What this task involves:
For the entries below, print exactly the lines between the line holding "Helena Arkansas I love the blues tee" and the line holding "Design Collectional, sculpture", inclusive, and nothing else.

Records for this task:

╔══

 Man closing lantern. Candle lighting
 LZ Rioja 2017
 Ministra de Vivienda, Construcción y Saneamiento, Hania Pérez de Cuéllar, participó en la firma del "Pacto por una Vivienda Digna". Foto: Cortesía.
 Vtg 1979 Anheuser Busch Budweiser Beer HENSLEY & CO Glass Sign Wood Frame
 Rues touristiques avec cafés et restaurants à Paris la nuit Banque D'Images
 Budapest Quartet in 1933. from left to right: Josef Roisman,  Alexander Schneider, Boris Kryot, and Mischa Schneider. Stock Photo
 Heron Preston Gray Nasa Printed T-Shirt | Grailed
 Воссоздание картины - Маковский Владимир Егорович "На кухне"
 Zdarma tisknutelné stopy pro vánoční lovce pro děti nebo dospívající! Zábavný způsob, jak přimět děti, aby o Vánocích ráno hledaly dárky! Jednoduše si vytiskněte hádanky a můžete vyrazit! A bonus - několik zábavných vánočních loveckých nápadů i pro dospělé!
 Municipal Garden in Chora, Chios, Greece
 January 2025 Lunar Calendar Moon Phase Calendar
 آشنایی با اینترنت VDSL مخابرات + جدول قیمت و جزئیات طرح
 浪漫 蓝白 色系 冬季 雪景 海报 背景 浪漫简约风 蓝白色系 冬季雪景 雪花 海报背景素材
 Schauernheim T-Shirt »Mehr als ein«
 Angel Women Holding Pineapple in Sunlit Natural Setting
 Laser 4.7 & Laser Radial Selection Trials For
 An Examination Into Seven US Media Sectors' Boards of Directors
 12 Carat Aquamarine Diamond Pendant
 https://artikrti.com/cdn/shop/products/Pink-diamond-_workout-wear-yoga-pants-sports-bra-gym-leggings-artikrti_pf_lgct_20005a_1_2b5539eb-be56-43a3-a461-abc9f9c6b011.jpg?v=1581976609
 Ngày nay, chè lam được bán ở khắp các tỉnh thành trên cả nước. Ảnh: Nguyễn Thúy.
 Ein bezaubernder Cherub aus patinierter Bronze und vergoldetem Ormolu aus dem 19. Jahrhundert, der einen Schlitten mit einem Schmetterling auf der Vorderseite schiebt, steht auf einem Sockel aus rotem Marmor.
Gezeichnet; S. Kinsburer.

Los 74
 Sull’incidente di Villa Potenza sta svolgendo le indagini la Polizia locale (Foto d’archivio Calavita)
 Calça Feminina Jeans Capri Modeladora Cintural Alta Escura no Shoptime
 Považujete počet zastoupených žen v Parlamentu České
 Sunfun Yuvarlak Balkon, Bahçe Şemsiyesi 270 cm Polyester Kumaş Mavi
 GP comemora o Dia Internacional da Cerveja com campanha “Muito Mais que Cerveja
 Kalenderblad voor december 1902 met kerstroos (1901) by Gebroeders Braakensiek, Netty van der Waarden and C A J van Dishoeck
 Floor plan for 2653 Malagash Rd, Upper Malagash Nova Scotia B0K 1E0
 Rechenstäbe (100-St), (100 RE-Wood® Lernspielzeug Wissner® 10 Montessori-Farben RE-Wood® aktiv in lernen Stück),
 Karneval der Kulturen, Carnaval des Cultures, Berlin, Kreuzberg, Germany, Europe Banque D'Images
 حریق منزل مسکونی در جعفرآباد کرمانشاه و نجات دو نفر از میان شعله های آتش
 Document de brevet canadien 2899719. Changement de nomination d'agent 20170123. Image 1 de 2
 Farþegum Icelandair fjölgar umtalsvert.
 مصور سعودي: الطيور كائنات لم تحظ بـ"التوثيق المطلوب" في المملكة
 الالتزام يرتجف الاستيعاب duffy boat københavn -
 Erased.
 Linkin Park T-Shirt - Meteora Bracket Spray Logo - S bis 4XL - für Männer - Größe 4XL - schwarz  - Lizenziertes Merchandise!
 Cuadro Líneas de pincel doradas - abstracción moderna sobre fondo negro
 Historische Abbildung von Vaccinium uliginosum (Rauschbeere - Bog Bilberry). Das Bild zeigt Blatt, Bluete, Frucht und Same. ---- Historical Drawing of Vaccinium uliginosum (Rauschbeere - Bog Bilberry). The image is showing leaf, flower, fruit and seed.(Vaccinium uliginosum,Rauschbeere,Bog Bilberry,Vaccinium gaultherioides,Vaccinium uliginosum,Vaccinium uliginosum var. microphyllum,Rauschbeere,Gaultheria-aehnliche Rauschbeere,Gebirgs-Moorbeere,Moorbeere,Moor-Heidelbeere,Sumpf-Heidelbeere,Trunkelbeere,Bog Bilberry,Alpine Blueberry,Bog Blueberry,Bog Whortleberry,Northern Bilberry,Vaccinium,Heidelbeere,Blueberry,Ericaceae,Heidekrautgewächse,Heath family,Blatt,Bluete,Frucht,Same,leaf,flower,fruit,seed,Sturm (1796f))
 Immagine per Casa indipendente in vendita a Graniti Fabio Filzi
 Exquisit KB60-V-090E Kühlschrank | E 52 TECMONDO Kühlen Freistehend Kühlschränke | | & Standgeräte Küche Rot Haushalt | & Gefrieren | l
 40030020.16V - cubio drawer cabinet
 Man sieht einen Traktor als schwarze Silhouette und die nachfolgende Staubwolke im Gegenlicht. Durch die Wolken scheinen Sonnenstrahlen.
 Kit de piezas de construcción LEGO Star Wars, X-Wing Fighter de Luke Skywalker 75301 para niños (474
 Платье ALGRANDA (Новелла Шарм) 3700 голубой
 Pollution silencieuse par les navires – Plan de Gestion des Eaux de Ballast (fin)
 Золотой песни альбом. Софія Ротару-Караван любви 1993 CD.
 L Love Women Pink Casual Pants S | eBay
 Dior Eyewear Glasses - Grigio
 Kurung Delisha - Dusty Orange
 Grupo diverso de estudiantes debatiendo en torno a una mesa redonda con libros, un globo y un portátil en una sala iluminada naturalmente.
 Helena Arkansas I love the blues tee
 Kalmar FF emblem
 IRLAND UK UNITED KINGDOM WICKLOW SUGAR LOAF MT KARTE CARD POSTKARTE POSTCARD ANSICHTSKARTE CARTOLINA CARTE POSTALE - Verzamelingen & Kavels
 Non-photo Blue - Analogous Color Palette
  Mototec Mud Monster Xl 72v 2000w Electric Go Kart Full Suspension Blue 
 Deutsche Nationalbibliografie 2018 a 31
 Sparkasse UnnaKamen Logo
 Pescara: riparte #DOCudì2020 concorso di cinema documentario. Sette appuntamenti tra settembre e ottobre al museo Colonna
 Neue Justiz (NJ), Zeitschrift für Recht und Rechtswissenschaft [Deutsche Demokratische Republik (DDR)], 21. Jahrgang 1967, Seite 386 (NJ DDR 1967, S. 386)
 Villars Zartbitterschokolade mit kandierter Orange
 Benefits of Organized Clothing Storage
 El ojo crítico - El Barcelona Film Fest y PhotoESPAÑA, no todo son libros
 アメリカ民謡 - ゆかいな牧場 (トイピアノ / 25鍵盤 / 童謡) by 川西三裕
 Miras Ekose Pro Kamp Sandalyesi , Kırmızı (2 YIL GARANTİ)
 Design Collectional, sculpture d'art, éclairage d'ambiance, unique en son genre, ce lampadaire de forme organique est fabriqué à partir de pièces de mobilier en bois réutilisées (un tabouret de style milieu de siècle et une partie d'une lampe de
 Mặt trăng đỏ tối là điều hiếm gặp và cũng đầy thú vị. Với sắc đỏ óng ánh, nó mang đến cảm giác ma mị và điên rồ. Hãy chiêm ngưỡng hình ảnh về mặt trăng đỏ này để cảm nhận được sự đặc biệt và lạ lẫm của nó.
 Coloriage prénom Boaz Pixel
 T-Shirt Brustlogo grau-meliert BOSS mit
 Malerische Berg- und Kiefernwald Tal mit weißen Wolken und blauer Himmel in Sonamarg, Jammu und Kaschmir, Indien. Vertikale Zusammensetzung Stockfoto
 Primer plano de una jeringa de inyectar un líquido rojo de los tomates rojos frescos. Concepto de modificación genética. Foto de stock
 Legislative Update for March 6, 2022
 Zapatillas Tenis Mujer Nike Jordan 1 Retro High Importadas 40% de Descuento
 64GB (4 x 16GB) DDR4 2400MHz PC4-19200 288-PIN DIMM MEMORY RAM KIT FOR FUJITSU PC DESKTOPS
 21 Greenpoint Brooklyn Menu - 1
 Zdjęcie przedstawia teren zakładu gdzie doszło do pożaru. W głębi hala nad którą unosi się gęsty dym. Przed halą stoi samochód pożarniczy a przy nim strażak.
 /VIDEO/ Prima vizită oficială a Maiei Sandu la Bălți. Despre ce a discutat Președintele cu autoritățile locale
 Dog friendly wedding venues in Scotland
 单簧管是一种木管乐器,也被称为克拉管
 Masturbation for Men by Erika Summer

╚══

Solved problem:
 Helena Arkansas I love the blues tee
 Kalmar FF emblem
 IRLAND UK UNITED KINGDOM WICKLOW SUGAR LOAF MT KARTE CARD POSTKARTE POSTCARD ANSICHTSKARTE CARTOLINA CARTE POSTALE - Verzamelingen & Kavels
 Non-photo Blue - Analogous Color Palette
  Mototec Mud Monster Xl 72v 2000w Electric Go Kart Full Suspension Blue 
 Deutsche Nationalbibliografie 2018 a 31
 Sparkasse UnnaKamen Logo
 Pescara: riparte #DOCudì2020 concorso di cinema documentario. Sette appuntamenti tra settembre e ottobre al museo Colonna
 Neue Justiz (NJ), Zeitschrift für Recht und Rechtswissenschaft [Deutsche Demokratische Republik (DDR)], 21. Jahrgang 1967, Seite 386 (NJ DDR 1967, S. 386)
 Villars Zartbitterschokolade mit kandierter Orange
 Benefits of Organized Clothing Storage
 El ojo crítico - El Barcelona Film Fest y PhotoESPAÑA, no todo son libros
 アメリカ民謡 - ゆかいな牧場 (トイピアノ / 25鍵盤 / 童謡) by 川西三裕
 Miras Ekose Pro Kamp Sandalyesi , Kırmızı (2 YIL GARANTİ)
 Design Collectional, sculpture d'art, éclairage d'ambiance, unique en son genre, ce lampadaire de forme organique est fabriqué à partir de pièces de mobilier en bois réutilisées (un tabouret de style milieu de siècle et une partie d'une lampe de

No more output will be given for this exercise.